Budgetary Jugglers

For the Army, balance between transformation and war is increasingly costly.

For the Army, balance between transformation and war is increasingly costly.

Army officials are in the middle of a budgetary juggling act, trying to keep alive their expensive transformation program while at the same time paying for the urgent needs of deployed troops.

In addition to the mounting war bills that will keep budgets tight for years after the end of conflicts in Iraq and Afghanistan, the Army is adding 65,000 soldiers to its active-duty ranks-to the tune of $76.3 billion by 2013, according to Congressional Budget Office estimates.

The balance between current and future is becoming increasingly precarious for the heavily deployed service, which is finding itself at odds with House members and other skeptics who do not view the service's $160 billion Future Combat Systems program as an affordable reality.

"FCS is in the bull's-eye," says Gordon Adams, the White House Office of Management and Budget associate director of national security programs during the Clinton administration. "And the problem is force expansion and contingency costs and disappearing supplementals."

The Army's problem will be most acute, Adams says, when the U.S. military presence in Iraq shrinks and the massive emergency wartime supplemental spending bills, which pay for many urgent equipment needs, dry up. And FCS, which takes up a major portion of the service's equipment accounts, will be the No. 1 target.

"The flying fickle finger of budgetary fate tends to point at procurement, especially in the Army," Adams says. The Army, more so than the technology-heavy Air Force and Navy, "is a force-structure-heavy capability."

A complex system of manned and un-manned air and land vehicles tied together by an intricate network, FCS is by far the most expensive and ambitious technological undertaking in the Army's history. For the service's leaders, the program means survival in the future against increasingly sophisticated and adaptable foes.

But the price tag for FCS has grown significantly over the years and now tops $160 billion-an unheard-of sum for a ground combat program. Its annual budget rivals those of the $250 billion Joint Strike Fighter and other air and sea platforms.

For some in Congress, that is simply too expensive at a time when deployed soldiers need new tactical vehicles, body armor and other equipment for operations in Iraq and Afghanistan. They view programs like the Mine Resistant Ambush Protected Vehicle, whose V-shaped hull better shields against roadside bombs, as bigger spending priorities.

Indeed, the House's version of the fiscal 2008 defense authorization bill guts $867 million from the Army's $3.7 billion request for the program. In July, the House Appropriations Defense Subcommittee trimmed $406 million from the program. At press time, the House was poised to send the defense appropriations bill to the floor.

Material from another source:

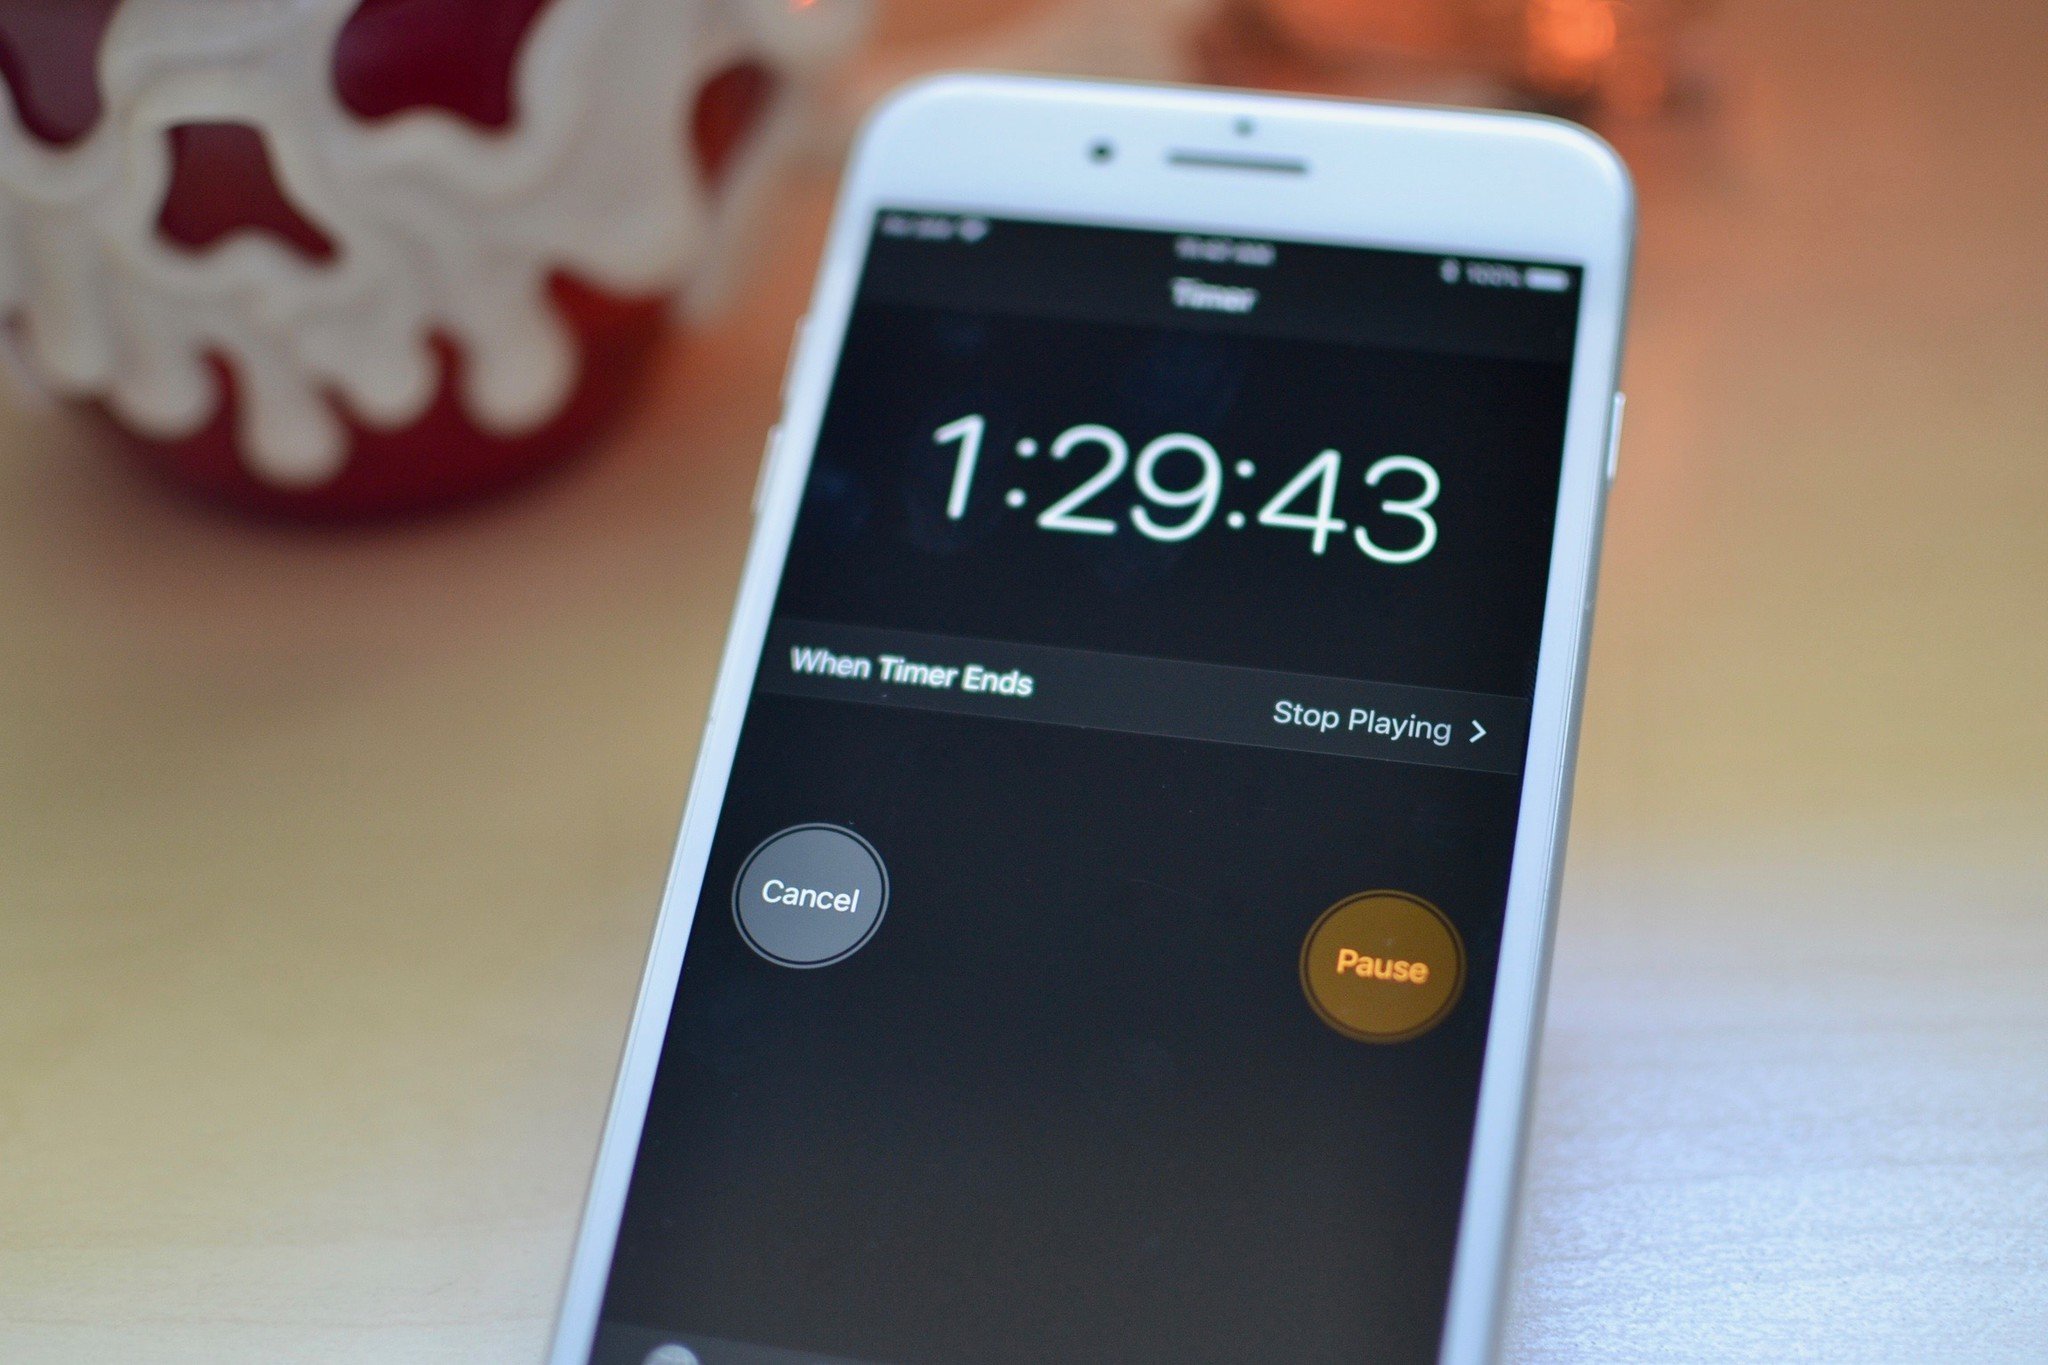 The Timer app on iPhone

Luckily, the Senate's authorization measure adds some funding to the program, and at press time, Senate appropriators were expected to at least approve the budget request. Still, that could mean a $400 million or more cut to the program in the final versions of the bill-an amount, Army officials have said, that would be difficult to swallow.

Despite the budgetary challenges, the Army continues to push hard for FCS, which they say will give troops a significant leg up in future operations. In a May letter to Ike Skelton, D-Mo., chairman of the House Armed Services Committee, Army Chief of Staff George Casey warned that the House cuts would have severe ramifications for FCS and perhaps imperil future soldiers.